Peri Jisoo langsung berdebar. Astaga, Peri Taehyung! Dia adalah putra mahkota dari Negeri Peri Matahari. Pantas saja dia terlihat tampan dan gagah sekali. Terlebih dari itu cahayanya paling berbeda dengan peri lain yang ada di sekitarnya. Cahaya yang dimilikinya lebih banyak dominan warna merah.
"A-aku Peri Jisoo," Peri Jisoo mencoba bangkit berdiri dibantu Peri Taehyung.
"Sepertinya aku harus mengantarkanmu pulang ke negerimu dan mengobati sayapmu yang terluka," ujar Peri Taehyung.
Peri Jisoo tersipu lagi.
"Aku sedang menunggu temanku di sini. Kami berpisah karena aku kelelahan, ia melanjutkan perjalanan sedangkan aku menunggu di sini. Kami sedang melakukan sebuah misi," cerita Peri Jisoo.

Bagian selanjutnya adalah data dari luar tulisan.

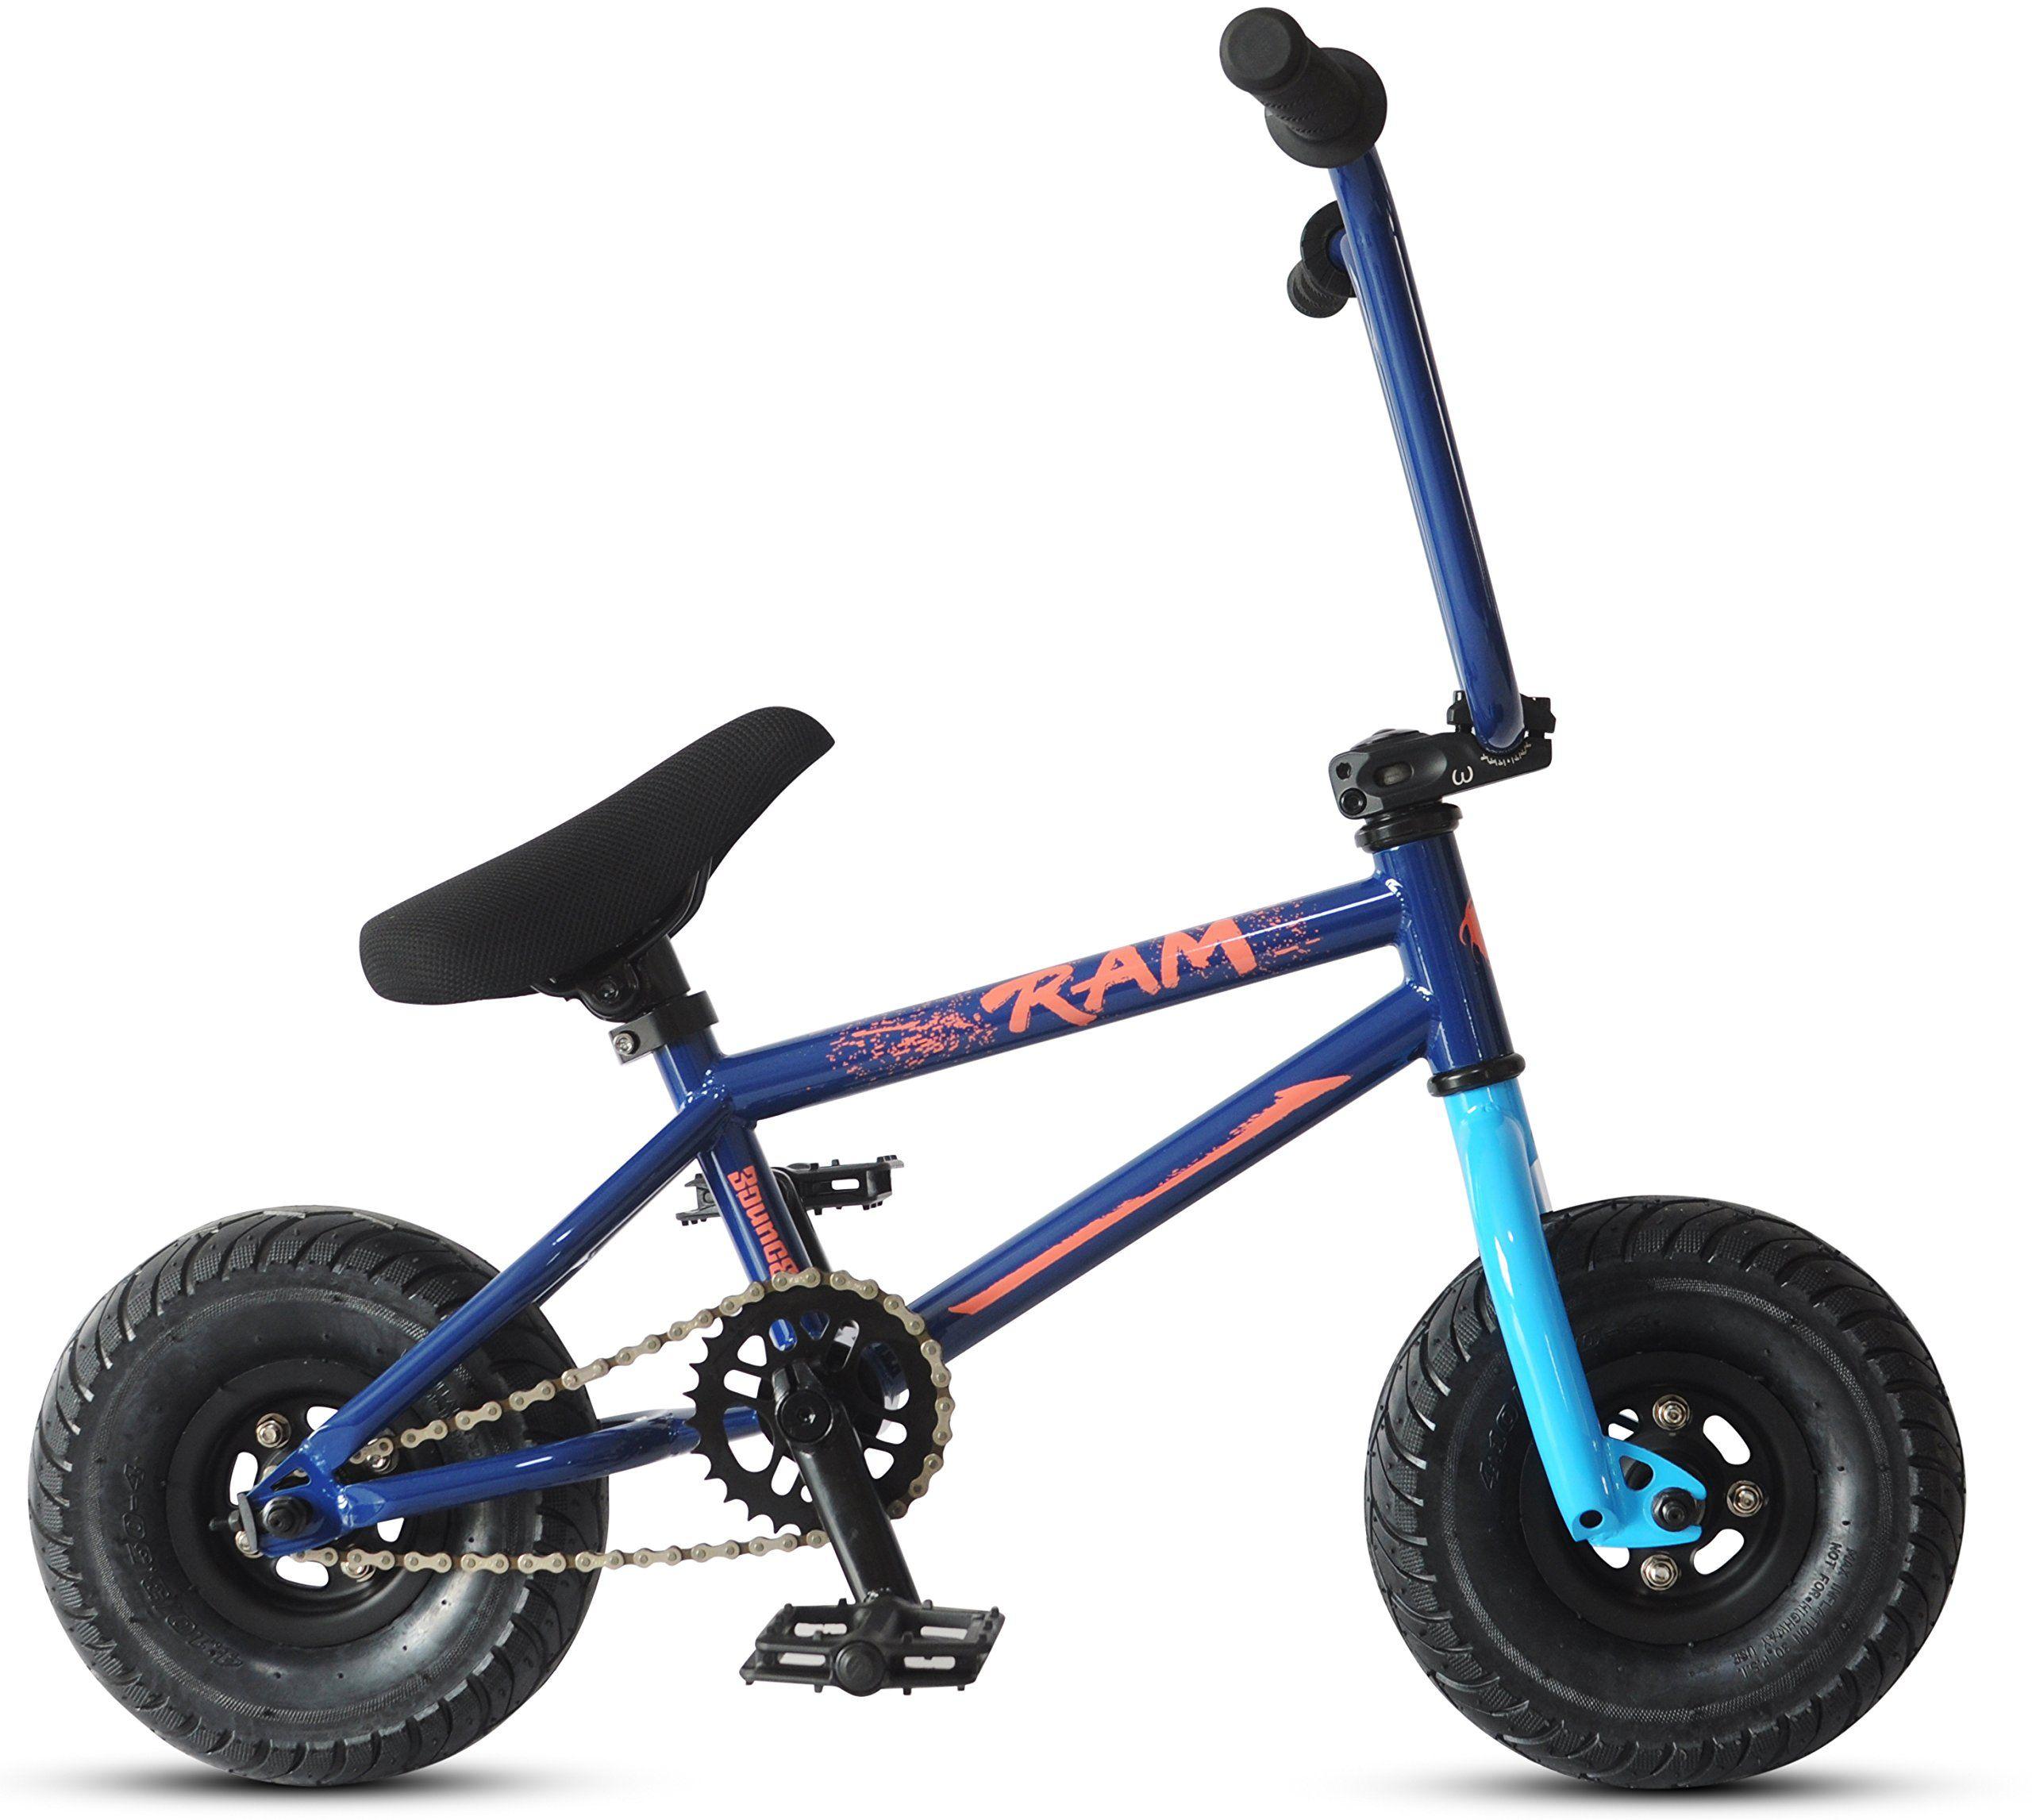 Bounce Ram Mini Bmx Bike Bmx Bikes Bmx Cool Bike Accessories

"Misi apa?" tanya Peri Taehyung sambil terbang di sekitar Peri Jisoo. Ia memerintahkan peri lain untuk menunggu.
"Kami hendak meminta kepada Negeri Peri Salju untuk tidak menurunkan salju ke negeri kami. Hal itu akan menyulitkan kami," Peri Jisoo menjelaskan
"Oh, itu. Salju bahkan sudah menutupi Negeri Peri Matahari sejak kemarin. Tapi, mereka juga tahu bahwa itu tidak akan berlangsung lama. Dalam beberapa hari, salju dan es akan mencair dan menjadi mata air panas di negeri kami. Kami sama sekali tidak masalah dengan salju," ujar Peri Taehyung.
Tentu saja, tubuh mereka panas sekali. Apalagi jika seluruh peri penduduk negeri berkumpul menjadi satu, mungkin mereka bisa membakar negeri mereka sendiri, pikir Peri Jisoo.
"Tubuh kami bisa hangat, memanas dan panas sekali. Maka dari itu kami bisa bertahan dalam musim salju sekali pun," jelas Peri Taehyung lagi.
"Aku sempat berpikir untuk meminta bantuan pada negeri kalian, tapi aku takut kalian malah akan membakar bunga-bunga kami. Oleh sebab itu, lebih baik meminta para Peri Salju untuk tidak menurunkan salju di negeri kami. Kami rasa itulah yang terbaik," ujar Peri Jisoo.
"Apakah kalian berhasil?" tanya Peri Taehyung.
"Aku tidak tahu sampai aku bertemu dengan temanku lagi," ujar Peri Jisoo.